Vijay-Nirmal commented 2 years ago

@davidfowl I had a background service that periodically add new proxies to the list and check for bad proxies from the list and removed them.

what does this accomplish? How does one set the proxy?

I need to web scrape a website which has IP based rate limiter. So, using this method, I could overcome that :)

gitlsl commented 2 years ago

I appreciate the problem, can we add proxy, cookie to HttpRequestMessage? Python's network request library (requests httpx) is very convenient. Maybe we can learn from it

davidfowl commented 2 years ago

@gitlsl Do you have a concrete API proposal we can work through?

Python's network request library (requests httpx) is very convenient. Maybe we can learn from it

Do you have a direct comparison for this scenario?

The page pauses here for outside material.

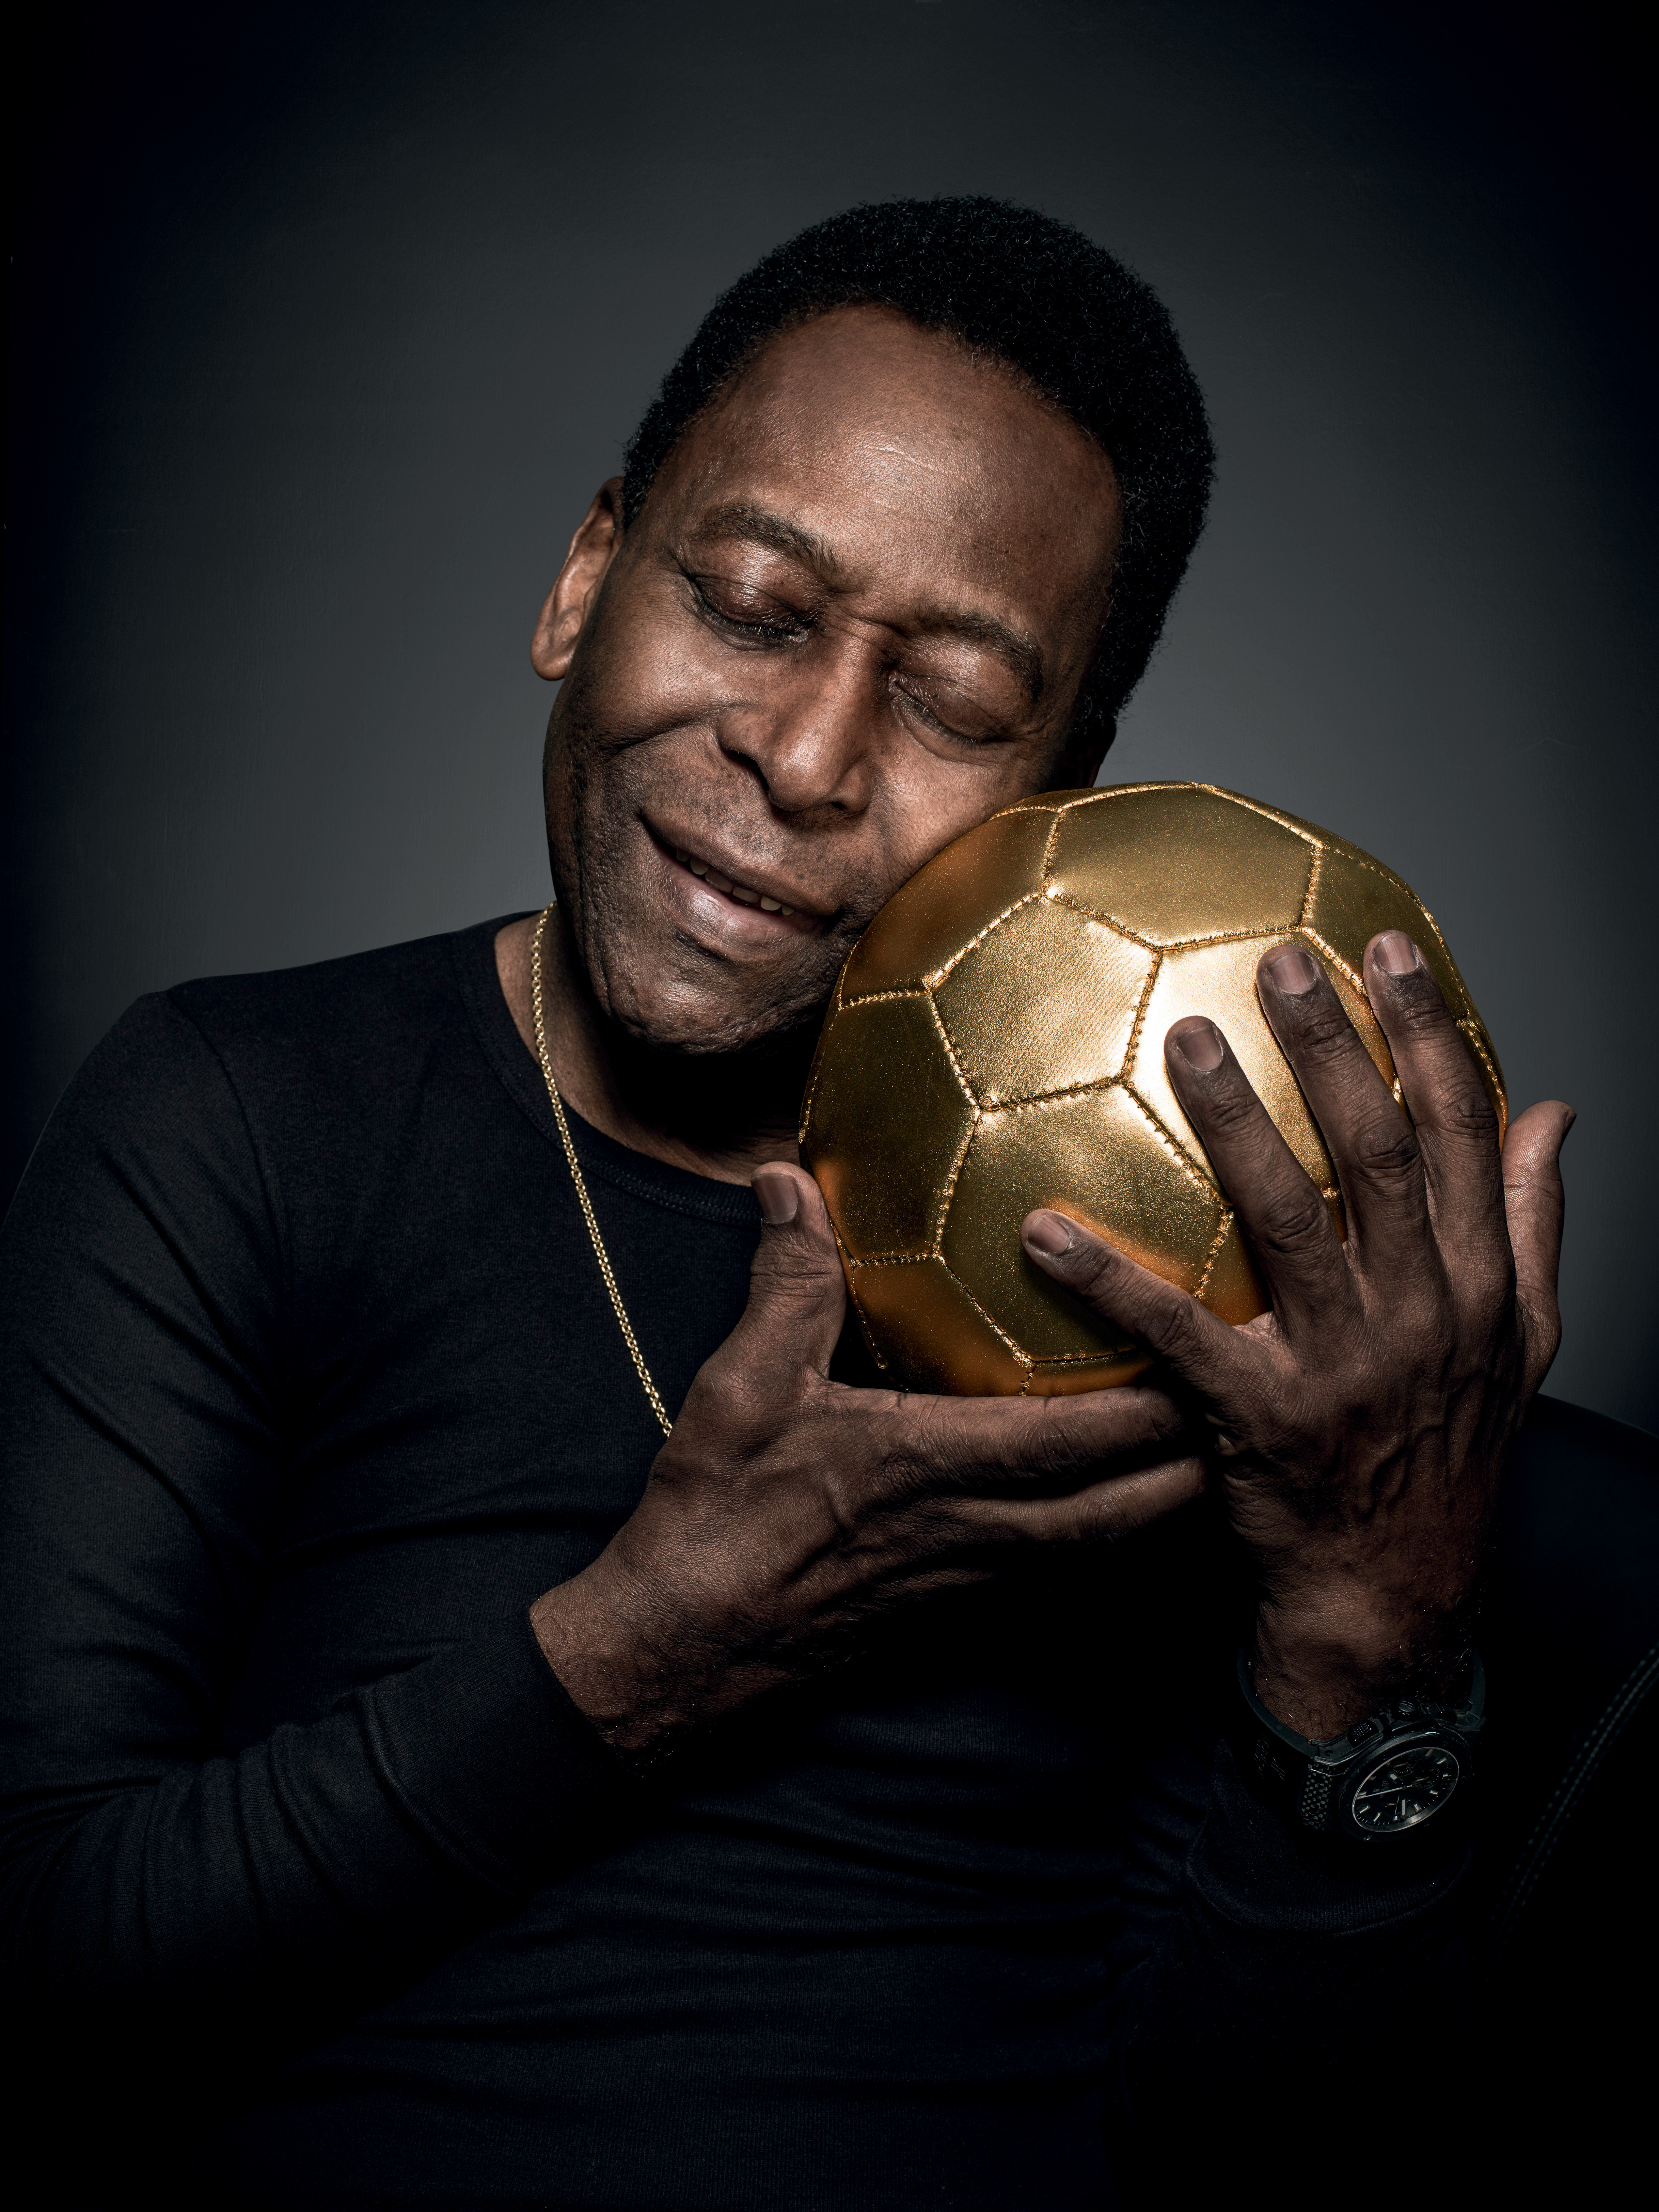 O que fez de Pelé, sem dúvida, o melhor jogador de futebol de todos os  tempos? - Quora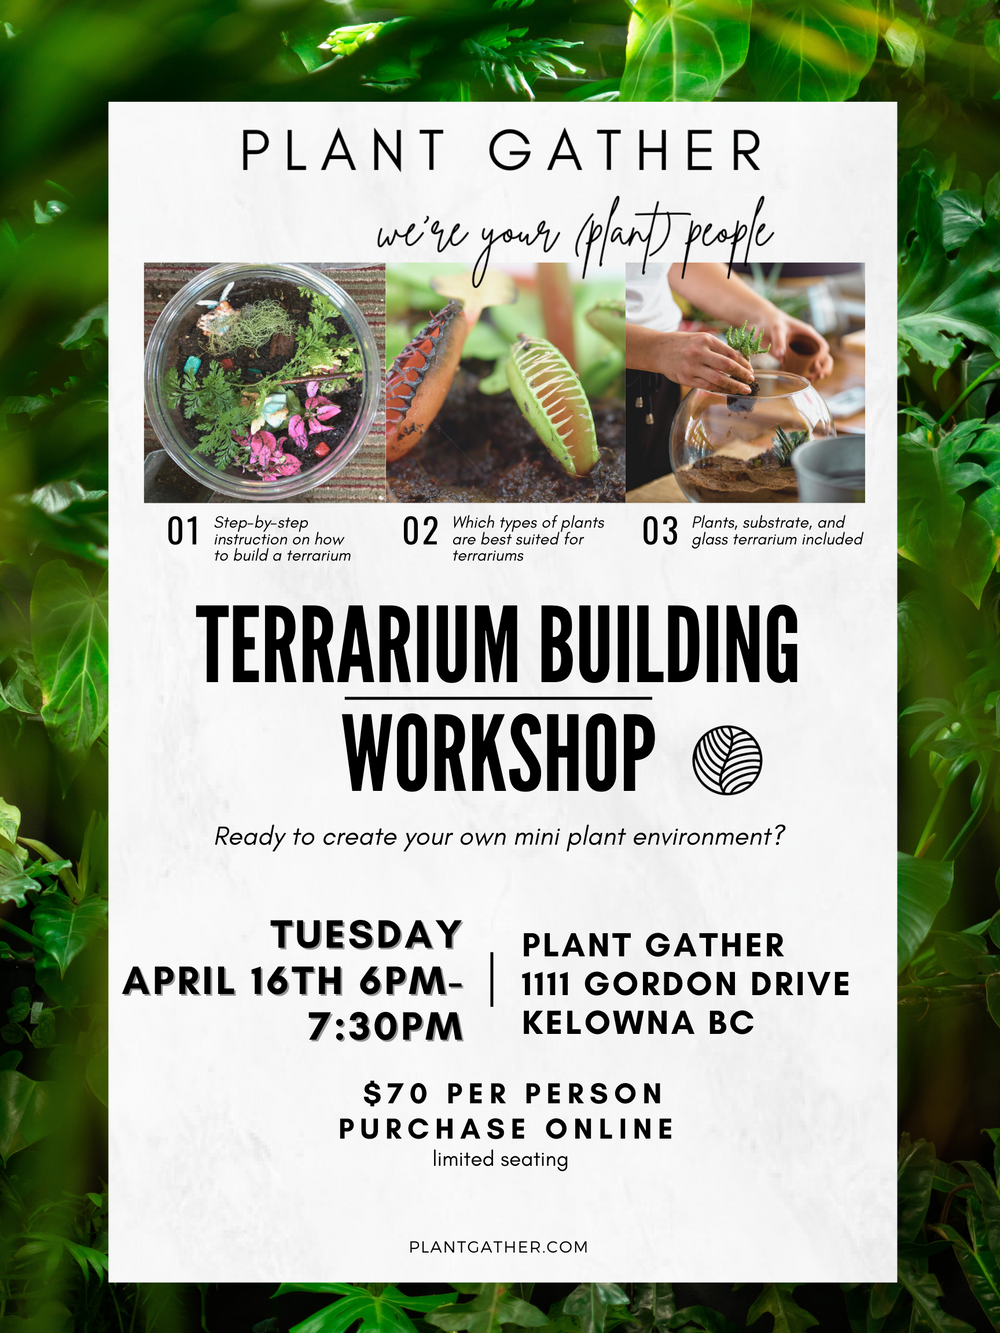 Terrarium Building Workshop - April 16th @ 6PM

gitlsl commented 2 years ago
Doing anything per-request is going to be expensive. This may force creation of new connection and that is basically similar to creating new HttpClient.
Going back to initial comment from @LeaFrock: "If I have thousands of proxies" -> that is going to create thousands of connections regardless.

@davidfowl As other mentioned above, to achieve this effect, it will cost a lot to generate a lot of connections. In fact, I have not tested it. Under this requirement, I usually use Python directly.

Here is an interesting phenomenon. You can observe that many people in this post are from the same eastern country (including me). If I remember correctly, the people who pr sock5 proxy support are also from this country

For me,I wish the api looks like https://requests.readthedocs.io/en/latest/api/

  1. Independent header(include cookie) and proxy that can be set for each request , header and proxy is a prop of HttpRequestMessage , httpclient just send request and construct response
  2. Create a session from httpclient to maintain cookie in multiple requests

    Maybe we can maintain the compatibility of httpclient and add new feature into https://github.com/dotnet/runtimelab/tree/feature/LLHTTP2

pebezo commented 1 year ago

@gitlsl Do you have a concrete API proposal we can work through?

Python's network request library (requests httpx) is very convenient. Maybe we can learn from it

Do you have a direct comparison for this scenario?

With Python one can set/configure a proxy per-request at the time of request, for example:

import requests
url = "https://example.com"
proxy = "http://some-proxy.example.com"
proxies = {"http": proxy, "https": proxy}
response = requests.get(url, proxies=proxies, verify=False)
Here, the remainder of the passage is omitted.